ヒーリングワークは100名以上の参加者がいます。
8〜10人程度のグループに分かれてグループ単位での実習もやります。
その日もグループに分かれ、まず初めに自己紹介をしました。
そのとき私は、一通りの自己紹介が終わるあいだ、殆ど下を向いていたのです。
理由は忘れてしまったのですが、落ち込んでいたんだと思います。
その後すぐにお昼休みになり、ランチをするためにグループ単位で会場の外に出ました。
お店に向かって歩いていくと、グループの女の子が私に声をかけてくれました。
そしてこう言ったのです。
「ずっと目を合わせてくれんかったから、薫ちゃん、私のこと嫌いなんかなぁって思ったわ。」
「え!?」
するともうひとりの女の子が
「わたしも〜」
と言ったのです。
「えーーーーー!?」
なんでそんな風に思うの?
そんなわけないやん!
私が嫌われるのならともかく、初対面のあなたたちを嫌う理由がないっ。
もうそれは軽い衝撃でした。
そもそも「嫌われるっていうのは私の専売特許やん」くらいに当時の私は思っていたからです。
人にどう思われるかが気になる、というご相談は、カウンセリングの中でも比較的多い案件です。
見た目や話し方が気になる、ちょっとした振る舞いを他人に変だと思われないか、間違ってると思われないか等々、自分である程度こうなんじゃないかと推測される方が殆どです。
その多くは、自分で自分の見た目を嫌ってたり、話し方が嫌いだったり、という場合が多く、自分が嫌いな部分だから相手も嫌いに違いない、と思い込んでいることが多いのです。
私もそんな一人でした。
でも、まさか私が落ち込んだ態度を見て、「私に嫌われてる」と感じてる人がいるだなんて、夢にも思わなかったのです。

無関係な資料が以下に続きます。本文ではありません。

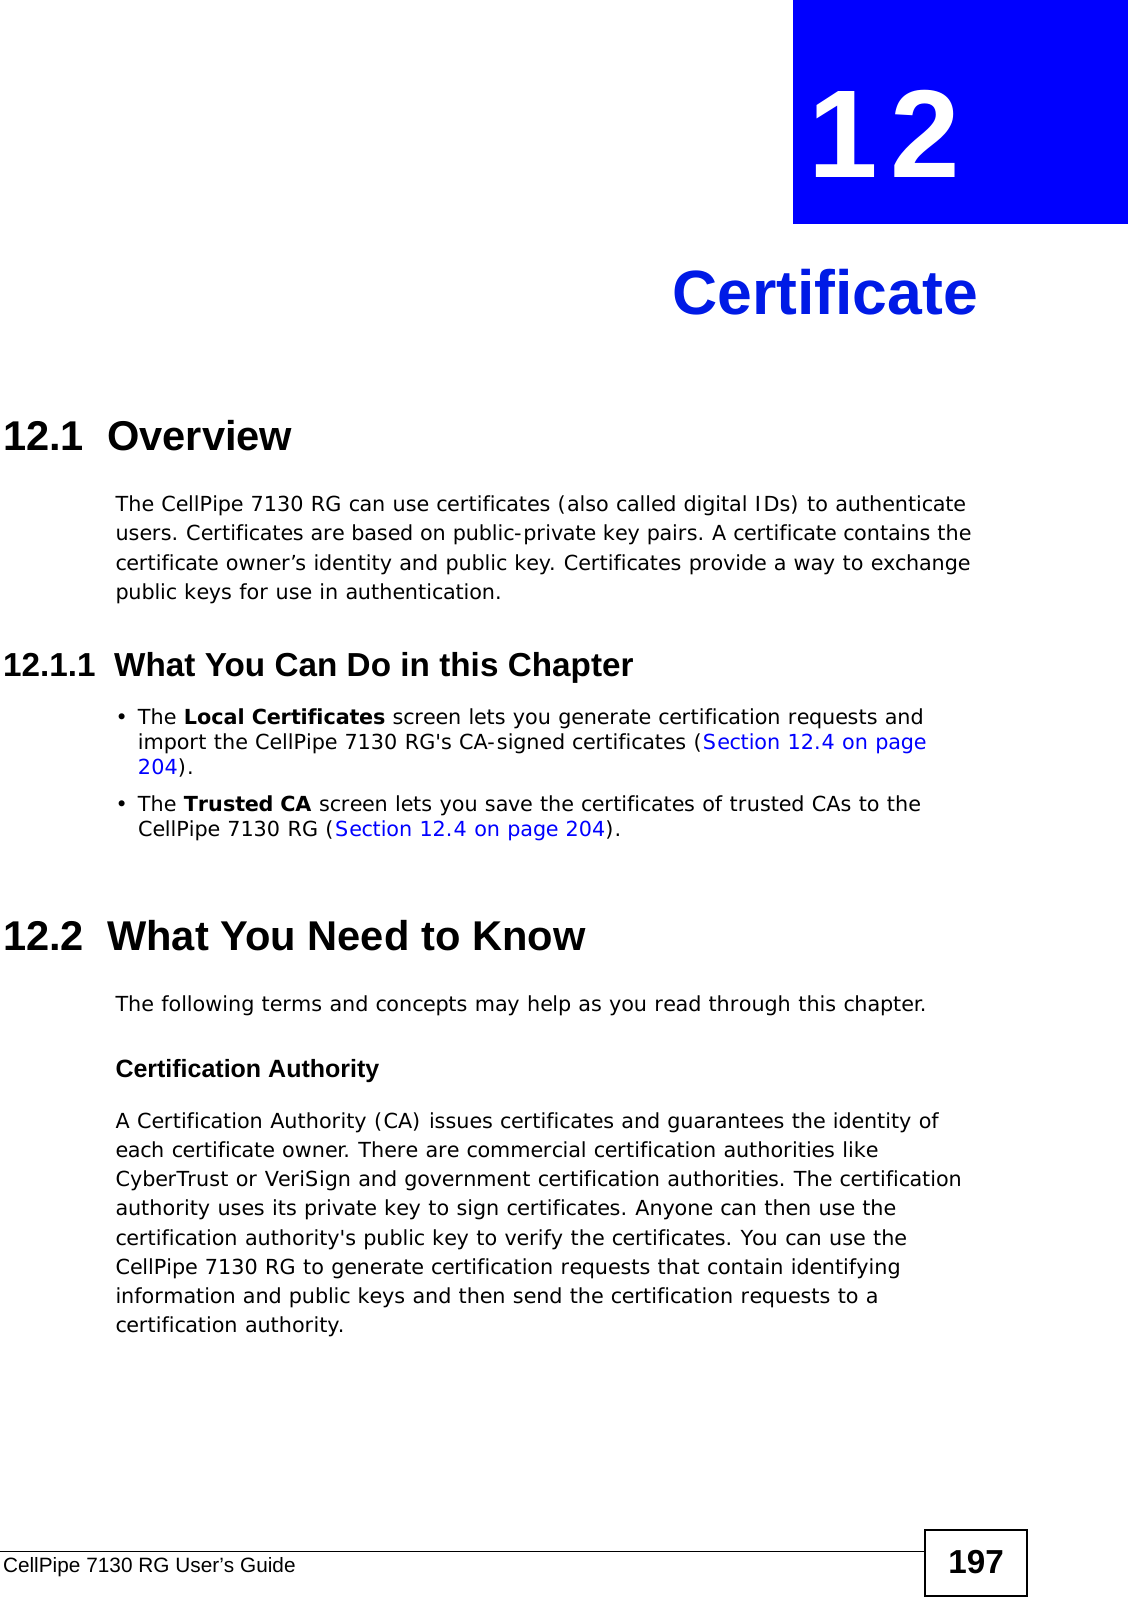 CellPipe 7130 RG User’s Guide 197CHAPTER  12 Certificate12.1  OverviewThe CellPipe 7130 RG can use certificates (also called digital IDs) to authenticate users. Certificates are based on public-private key pairs. A certificate contains the certificate owner’s identity and public key. Certificates provide a way to exchange public keys for use in authentication. 12.1.1  What You Can Do in this Chapter•The Local Certificates screen lets you generate certification requests and import the CellPipe 7130 RG&apos;s CA-signed certificates (Section 12.4 on page 204).•The Trusted CA screen lets you save the certificates of trusted CAs to the CellPipe 7130 RG (Section 12.4 on page 204).12.2  What You Need to KnowThe following terms and concepts may help as you read through this chapter.Certification Authority A Certification Authority (CA) issues certificates and guarantees the identity of each certificate owner. There are commercial certification authorities like CyberTrust or VeriSign and government certification authorities. The certification authority uses its private key to sign certificates. Anyone can then use the certification authority&apos;s public key to verify the certificates. You can use the CellPipe 7130 RG to generate certification requests that contain identifying information and public keys and then send the certification requests to a certification authority.

私は落ち込んでただだけ、ずっと下を見てただけなのに。
あ、だからといって、「落ち込んだ姿を見せてはいけないんだ」と言いたいのではありません。
相手もまた、下を向いていた私を見て「私は嫌われてるんじゃないか」「きっと私が嫌いだから目を合わせてくれないんだ」と感じるんだと気付いたということ。

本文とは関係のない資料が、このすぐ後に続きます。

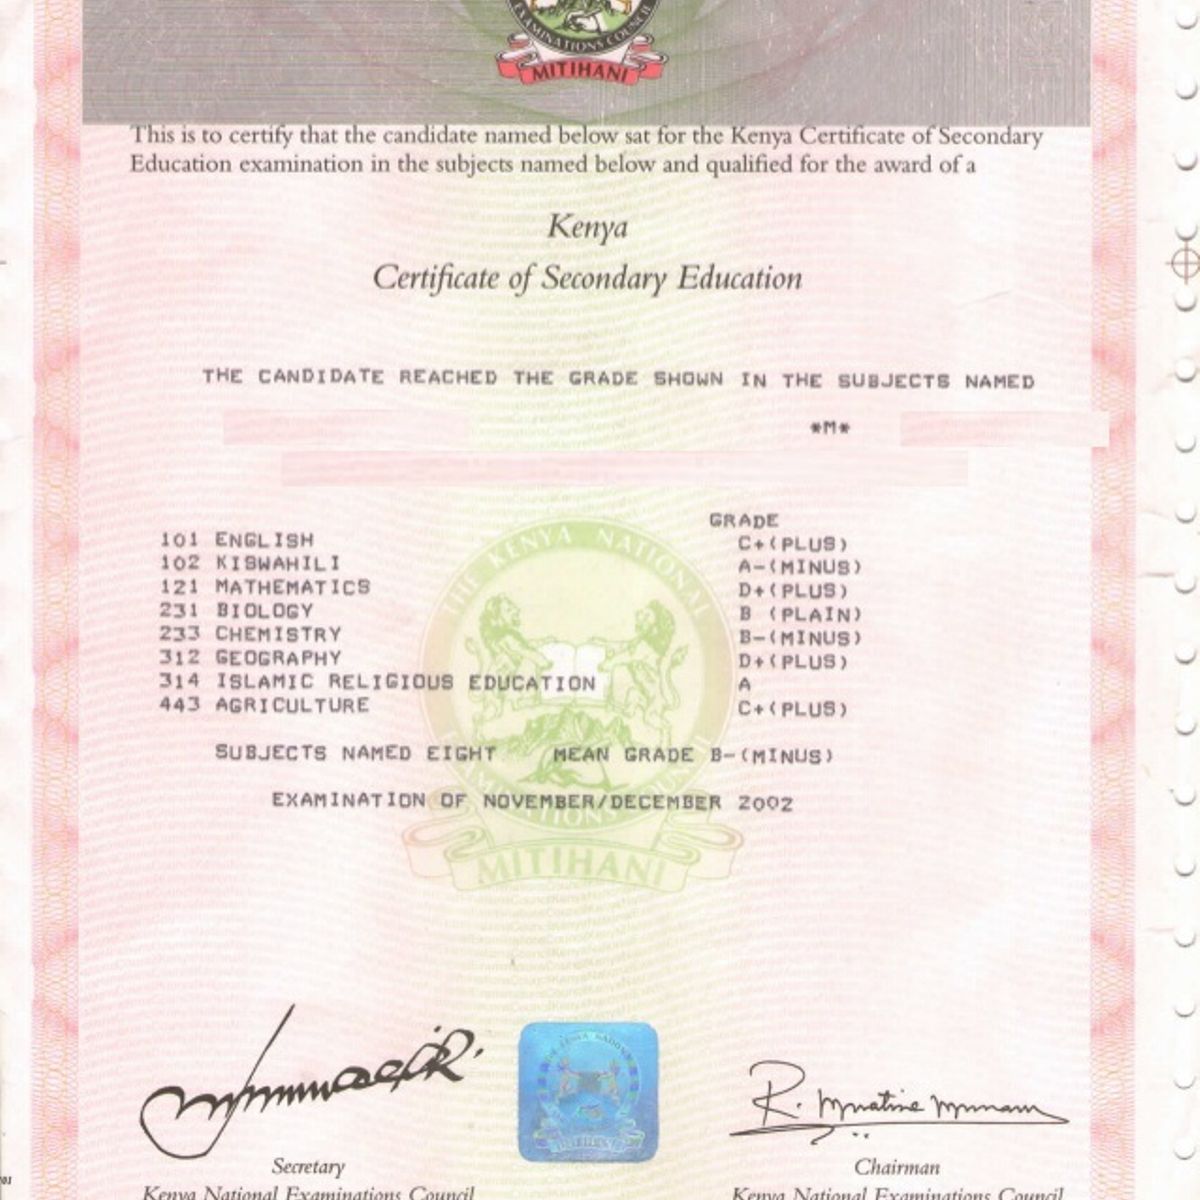 How to identify a fake KCSE certificate

それは、人にどう思われるかが気になって推測ばかりしていた私が、実際に人がどう思ったのかを知った瞬間だったのです。
まったくの想定外でした。
すると、新たな疑問が湧いたのです。
ということは、私は今まで、相手が何気に取っていた態度に、「嫌われてるからじゃないか」「変に思われてるんじゃないか」と“勝手に”思い込んでいたのかもしれないなと思ったのです。
それは、もつれた糸が少し解けていくような感覚でした。
おそらく、ヒーリングワークに参加する以前の私だったら、誰かに「嫌われてると思った」と言われたとしても、「何言ってるの?この人」くらいにしか思わなかったかもしれないなと思いました。
だけど、自分を癒していくうちに、少しずつですが心に余裕が出来たんだと思います。
だから「私のこと嫌いなんかなぁって思った」と言われた言葉があのとき引っかかったんだと思います。
この頃あたりから、「あ、私って人が怖かったんだ」「幸せになってはいけないと思ってたんだ」等と、ひとりではなかなかわからないことに、少しずつ気付いていったのです。
落ち込んでずっと下を向いている態度は、傍から見たら壁を作ってるようにしか見えなかっただろうなと思います。
私はグループのみんなを嫌ってるつもりはない。
でも、好意的な態度には見えなかったと思います。
あれじゃ誰も私に声をかけにくいよなぁと今なら思います。
にもかかわらず、「私のこと嫌いかなぁ」って思った人に声をかけるなんて、その女の子はすんごい勇気があるなぁとずいぶん後になって気が付きました。
でもそのお陰で誤解が解ける体験をすることが出来たのです。